Medically speaking, I didn’t help much. And I can’t pretend that I am a great person/missioner all the time, practicing perfect moments of accompaniment. I have failed to love the people that come through the center time and again, selfishly and cowardly not offering the help or hug that was needed, not being willing to touch feet or wounds that look gross, not wanting my choppy Spanish to make me look stupid, not letting the real stories of pain, violence, exasperation break or even touch my heart. I know that it is only by the grace of God that I was able to reach out to Angelica and that she found a moment of comfort. It’s not my doing. It’s up to God, and that gives me the peace and courage to continue. 

There are many visible and invisible walls between us, but I pray that they will one-by-one come down.

Questions for Reflection: What walls do you perceive between you and those around you? How might God want to work through you to bring unity where there is division?

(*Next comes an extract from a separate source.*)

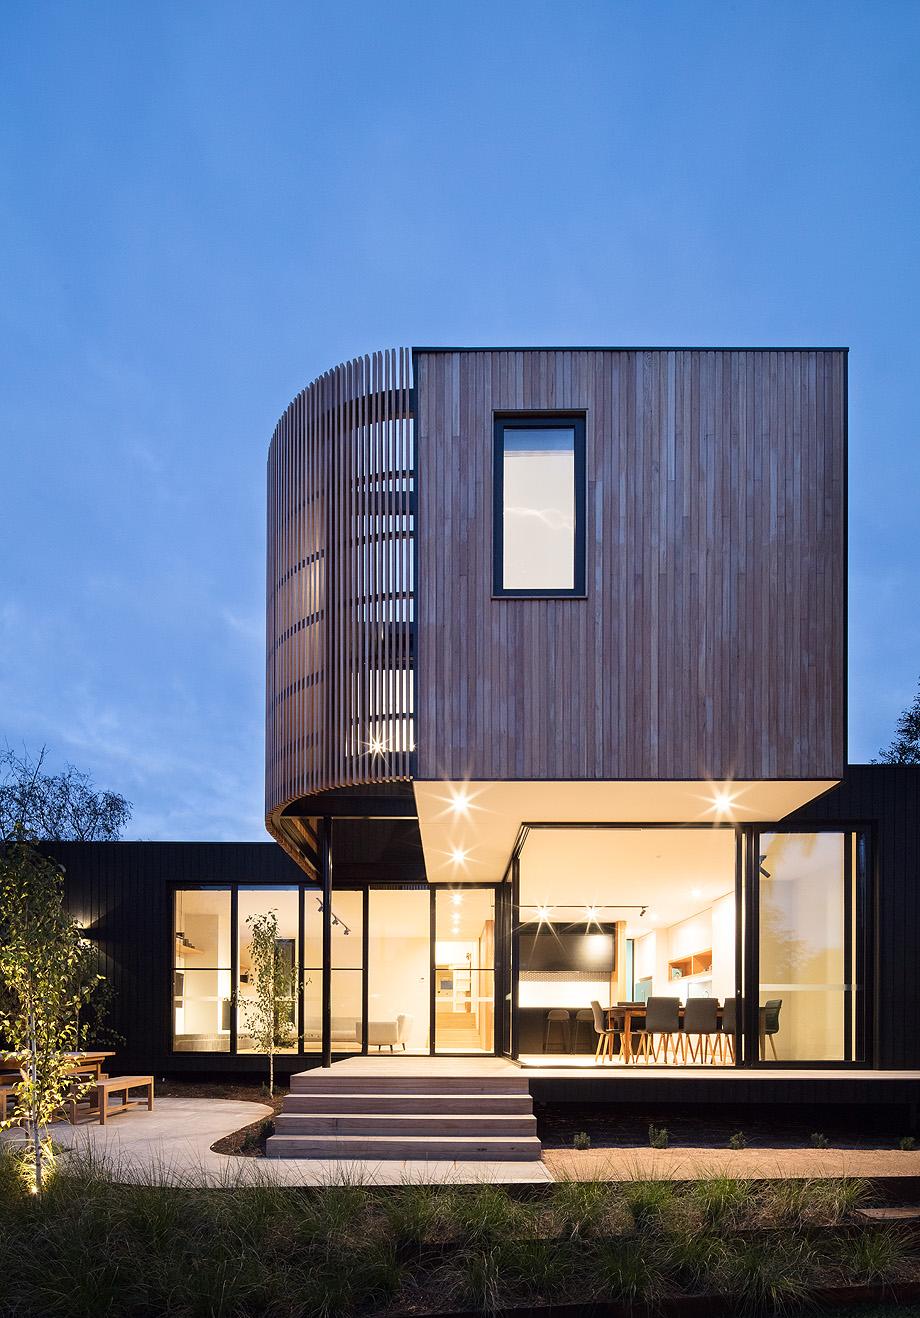 ampliación de una casa por modscape - foto john madden (3)

Julia graduated from The University of Texas at Dallas in May 2015 with a BS in Mathematics and a Math Teacher Certification at the ripe age of 20. She taught Geometry, Algebra 2, Precalculus and Statistics for four years in a public high school in Richardson, Texas, as well as another year in a private school in Takoma Park, Maryland. Julia’s desire to serve and minister like St. Francis drew her to Washington D.C. to work as a Publications and Communications Associate with the US Catholic Mission Association through the DC Service Corps program, where she researched and helped support various mission organizations around the world. This call to mission now pushes Julia to venture beyond D.C. to serve as a missioner on the US-Mexico border. In her free time, Julia enjoys reading, working out, dancing, meeting strangers, and solving all kinds of puzzles.